Raphael is the only one who doesn’t care for this whole school idea too much. He’s ok for the first half of the day, when he’s with my friend Heather, torturing her daughter Iona. That’s good clean fun. But when I come to get him at noon, he immediately wants to go get “da boys.” Enough playing around, it’s time for his brothers to come home.
Today, when I picked him up, he raced down the stairs and hopped in his car seat and announced, “We go get da boys now.”
“No, honey,” I said, “it’s not time to get the boys yet. Let’s go have lunch.” He sighed at my obstinacy and declined to respond to my inane suggestion of lunch. He did cheer up somewhat when I got him a cheeseburger, especially when I let him drink one of those disgusting Kool-aid squeeze bottles of toxic juice with it. That’s always good. We sat at the table, just Mama and son, enjoying our Sonic goodies. We shared ketchup and counted fries. It was good. He ate at least two tablespoons of food, and pushed the remainder away. “Ok, we go get da boys now.”
You may be getting a sense of what the rest of my afternoon was like. Finally, finally, the hour arrived. I sang out excitedly, “Hey, Raphi! Let’s go get the boys!” His eyes lit up, and he jumped down from the couch. “Well…OK! Ah can hop in!” And he trucked off to hop in (his car seat that is). The whole way to the school he chattered about da boys. “Ah can hug dem and git dem and tell dem ‘ah miss you’ and hug dem…”
We arrived and parked and Raphael was straining at his car seat. “Wet me OUT! Ah git da BOYS!” We hustled in, only to be forced to wait outside Max’s classroom for a torturous three minutes. But finally the door opened, and Max came bouncing out. Raphael rushed up to him, shrieking, “Hi, Mats! Mats! Hi!”
And then he punched him in the stomach.
Not too hard, because Max laughed and patted his head. “Hi, Raphi. Did you miss me?” Raphael turned on his heel and crossed his arms. “No. Ah’m Shooperman.” He looked at me. “Can ah go punch Twe?”
I said no, but he did anyhow.
¶ 11/03/2003 09:46:00 PM
Sunday, November 02, 2003
I’ve tried to start this blog entry about six times now. I’m not sure what to do here, because today has been a huge and terribly emotional day. Yet I don’t know how to explain all of it…
I’m an Episcopalian. Or at least I was until today. Now, my fear is that there are people who will read that, and if you’re aware of what’s going on with the Episcopal Church you’re thinking, oh my. Kira’s homophobic. I’m not.
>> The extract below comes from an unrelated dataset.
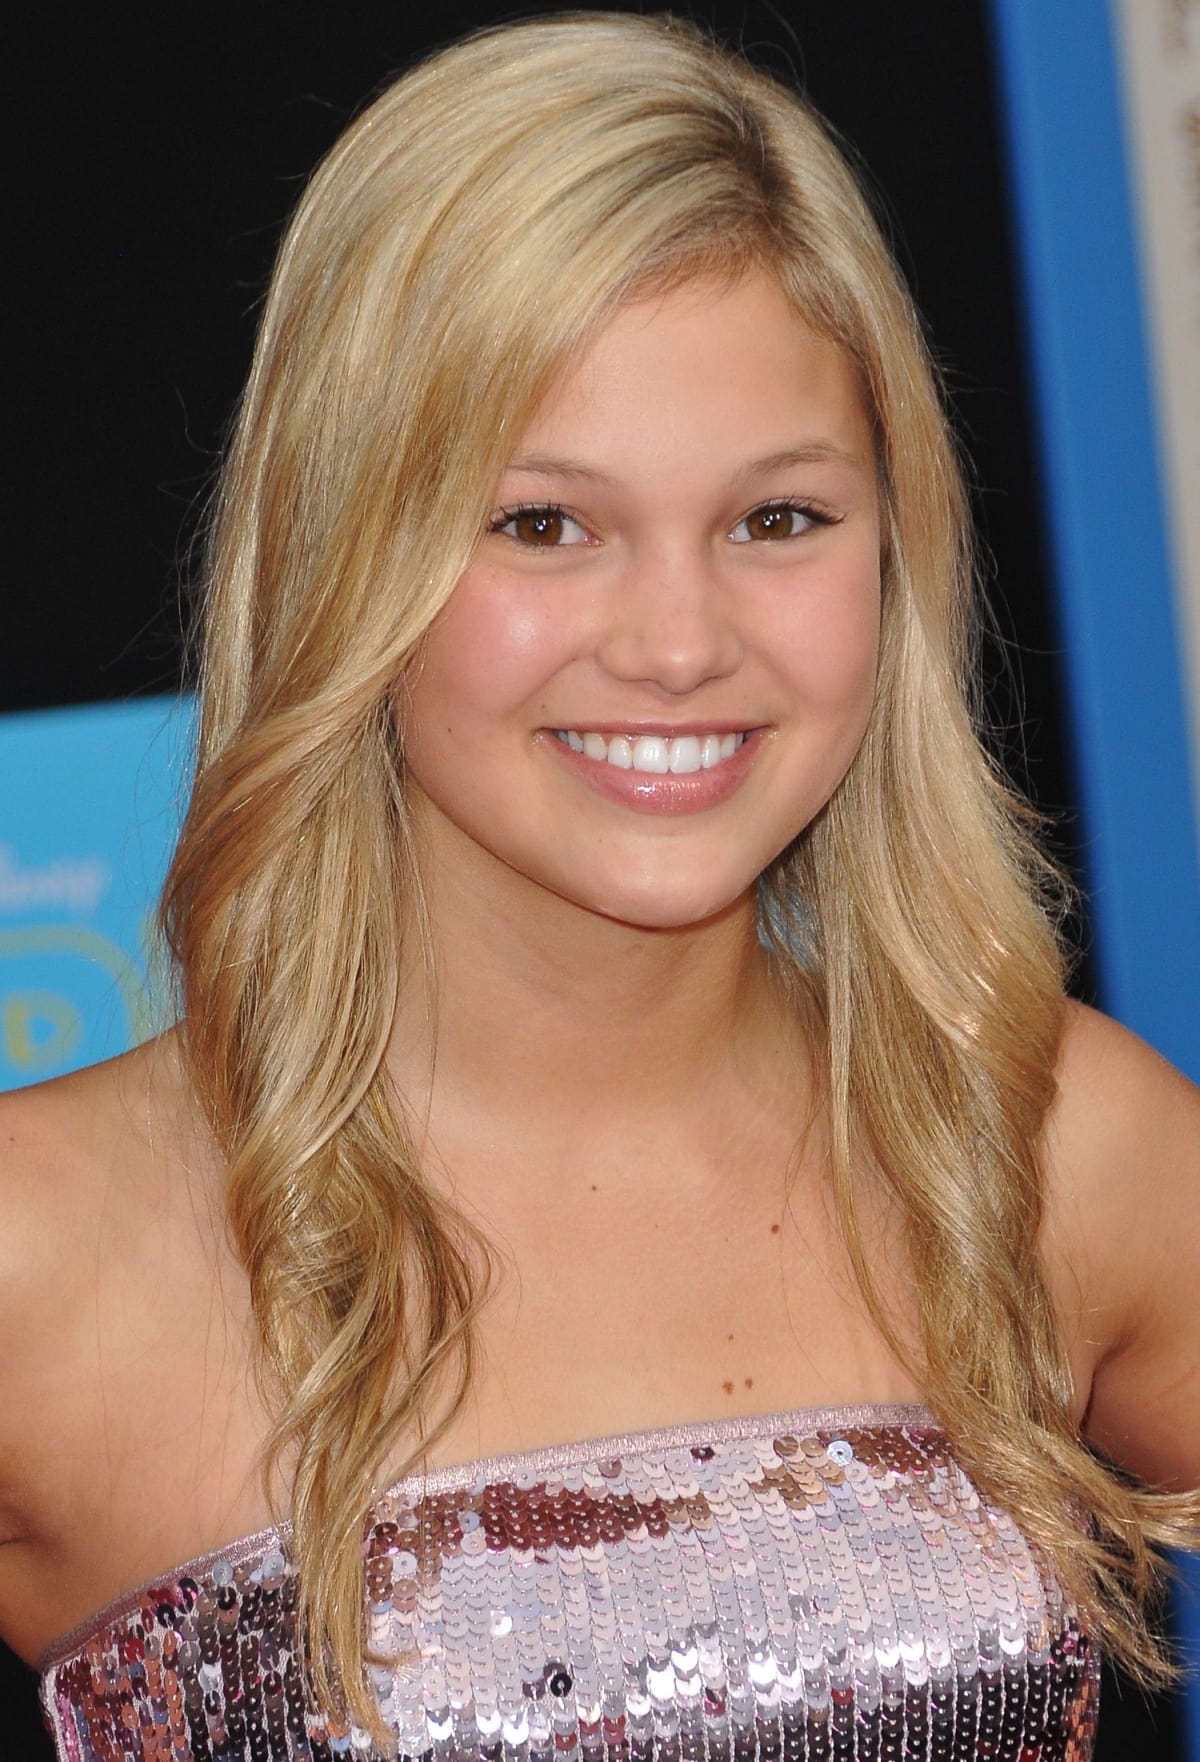 Olivia Holt attending the premiere of Prom

I hate that word, by the way, because what it means is “afraid of sameness,” not at all what it’s intended to mean. But that’s not the point. The point is that I’m neither afraid of sameness nor anti-gay. But my church is now saying that the scripture I hold as sacred is disposable. Re-writable.
And I say it’s not.
I don’t want to debate this any more. I’ve discussed it and read about it and prayed over it…I’m sick of it. Suffice to say I found enough reason in the national church to leave my parish, a place I’ve called home for a decade.
The first time I worshipped there, I was a kid. Unmarried and stupid-young. I brought my new husband there, and then our son to be baptized. And the next one. And the next. The people there held my hand and held me up during my divorce. They’ve loved my kids and prayed for my ex. I love the people of that church.
I guess this is what an amicable divorce feels like. No one is mad, but we can’t go on together.
I think this hurts almost as much as my actual divorce.